The Romanovs are the subject of Lindsey Hughes’ book of the same title (London, 2008), and Philip Longworth has a biography of Aleksei Mikhailovich, Alexis, Tsar of all the Russias (London, 1984). The impressions of Aleksei’s doctor, Samuel Collins, were published as The Present State of Russia: A Letter to a Friend at London, by an Eminent Person residing at the Czar’s Court (London, 1671). Aleksei’s law code can be consulted in Richard Hellie, ed. and trans., The Muscovite Law Code (Ulozhenie) of 1649 (Irvine, Calif., 1988), and serfdom’s effects on the peasants, then and later, are discussed in David Moon, The Russian Peasantry, 1600–1930 (London and New York, 1999) as well as Jerome Blum’s older, magnificent, Lord and Peasant in Russia from the Ninth to the Nineteenth Centuries (Princeton, NJ, 1961). At the time of writing, one of the most illuminating eye-witness accounts of the Muscovite court, written at the Swedish court by the defector Grigory Kotoshikhin, was being translated into English in its entirety for the first time; the publication will add considerably to the general appreciation of this arcane world among English-speaking readers.
EIGHTEENTH CENTURY
Lindsey Hughes’ biography of Sofiya, Sophia, Regent of Russia (London and New Haven, Conn., 1990) remains the best available in English, and her biographies of Peter (Peter the Great: A Biography (New Haven, Conn. and London, 2004)) and the more comprehensive Russia in the Age of Peter the Great (New Haven, Conn. and London, 1998) are models of scholarship and clear writing.

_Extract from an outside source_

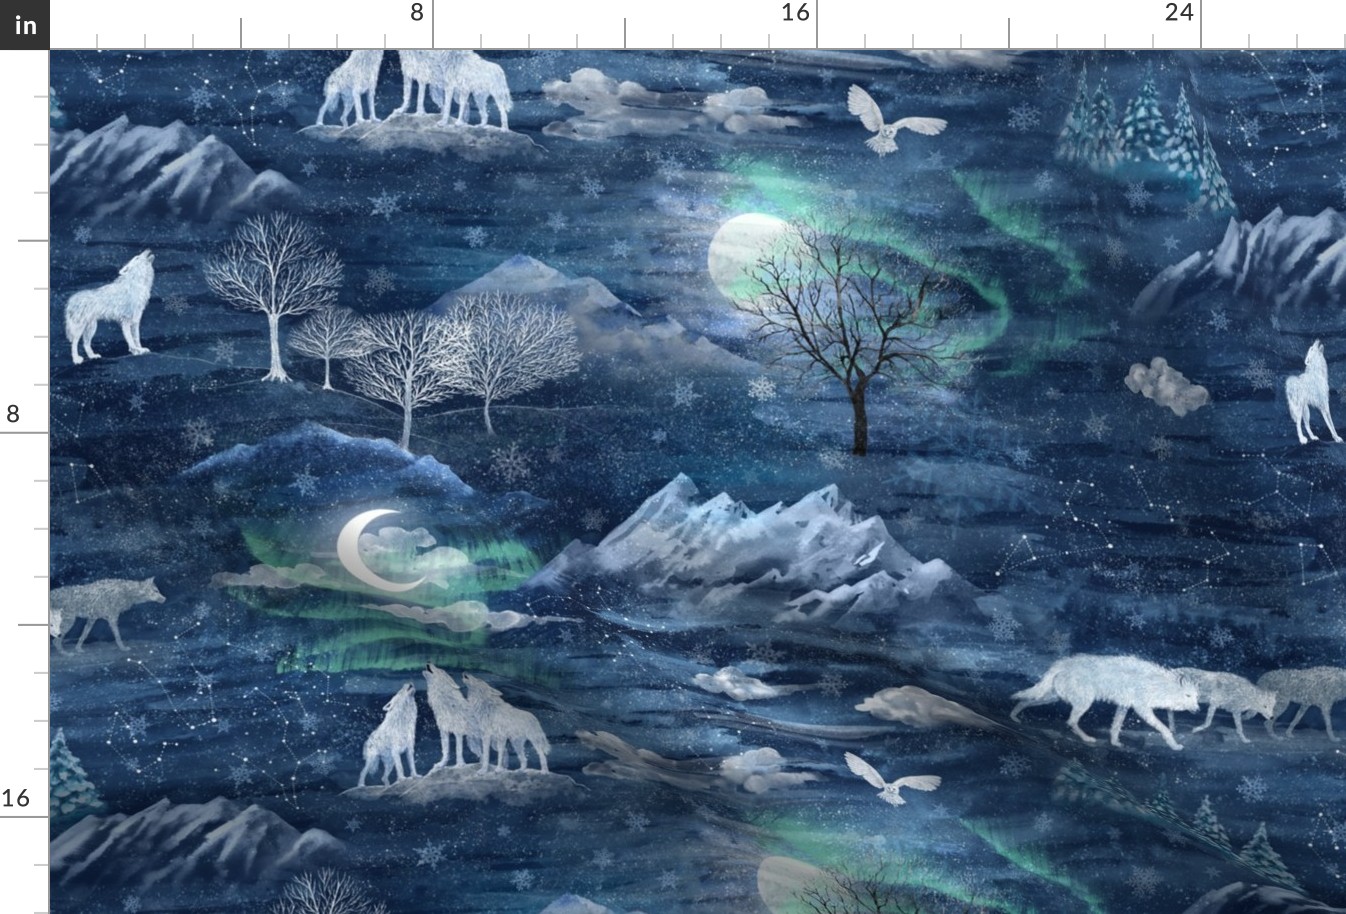 Wolfsmond, sibirian wolves in an arctic moon night with aurea boralis, Barnowl, aurora borealis, Snowflakes and stars
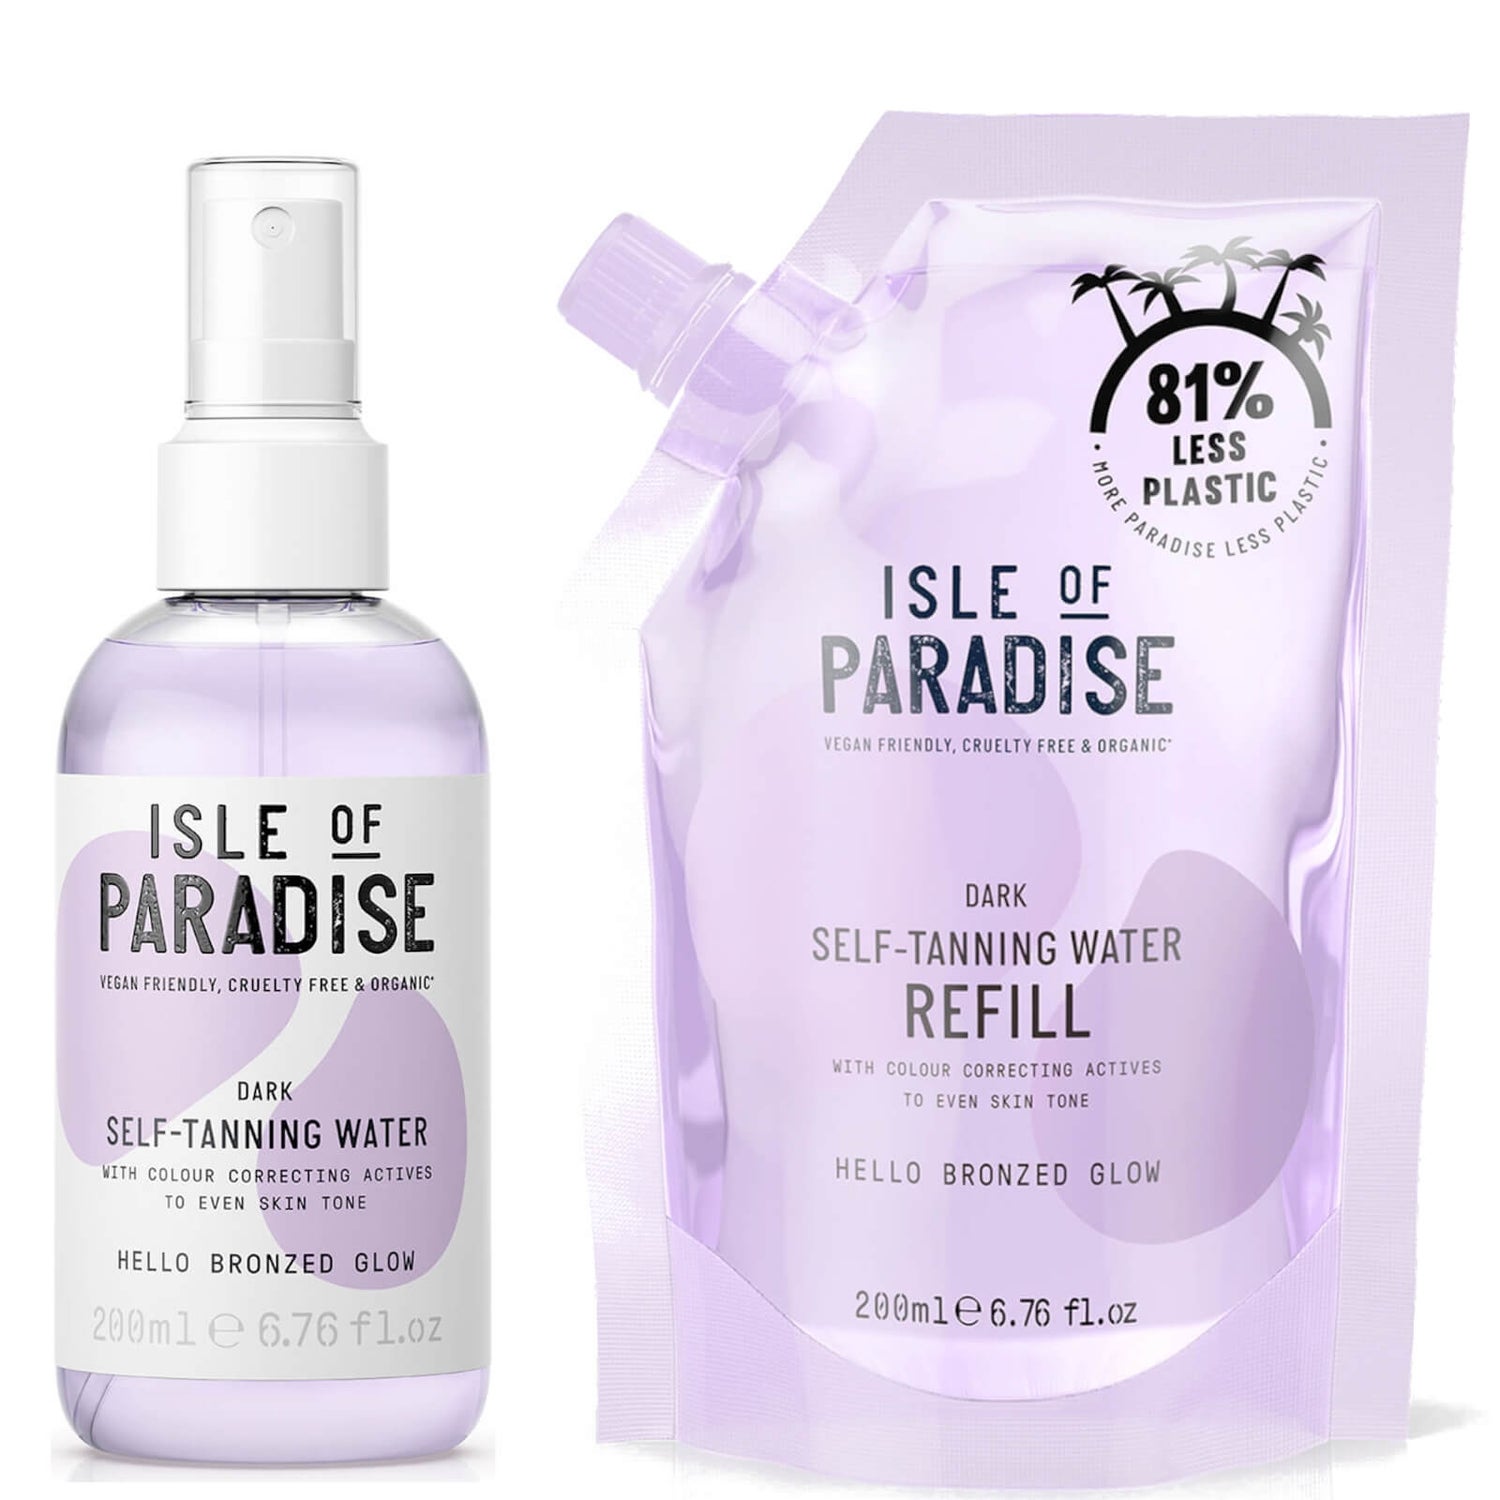 Isle of Paradise Dark Self-Tanning Water and Refill Bundle

For even more, see Robert K. Massie’s award-winner, Peter the Great (London, 1980 and reissued several times). Catherine has also attracted many biographers, the most recent of whom include Isabel de Madariaga (Russia in the Age of Catherine the Great (London, 1981)) and Simon Dixon (Catherine the Great (London, 2009)). The rulers after Peter’s death are the subjects of E. V. Anisimov, Five Empresses: Court Life in Eighteenth-century Russia, trans. Kathleen Carroll (Westport, Va., 2004).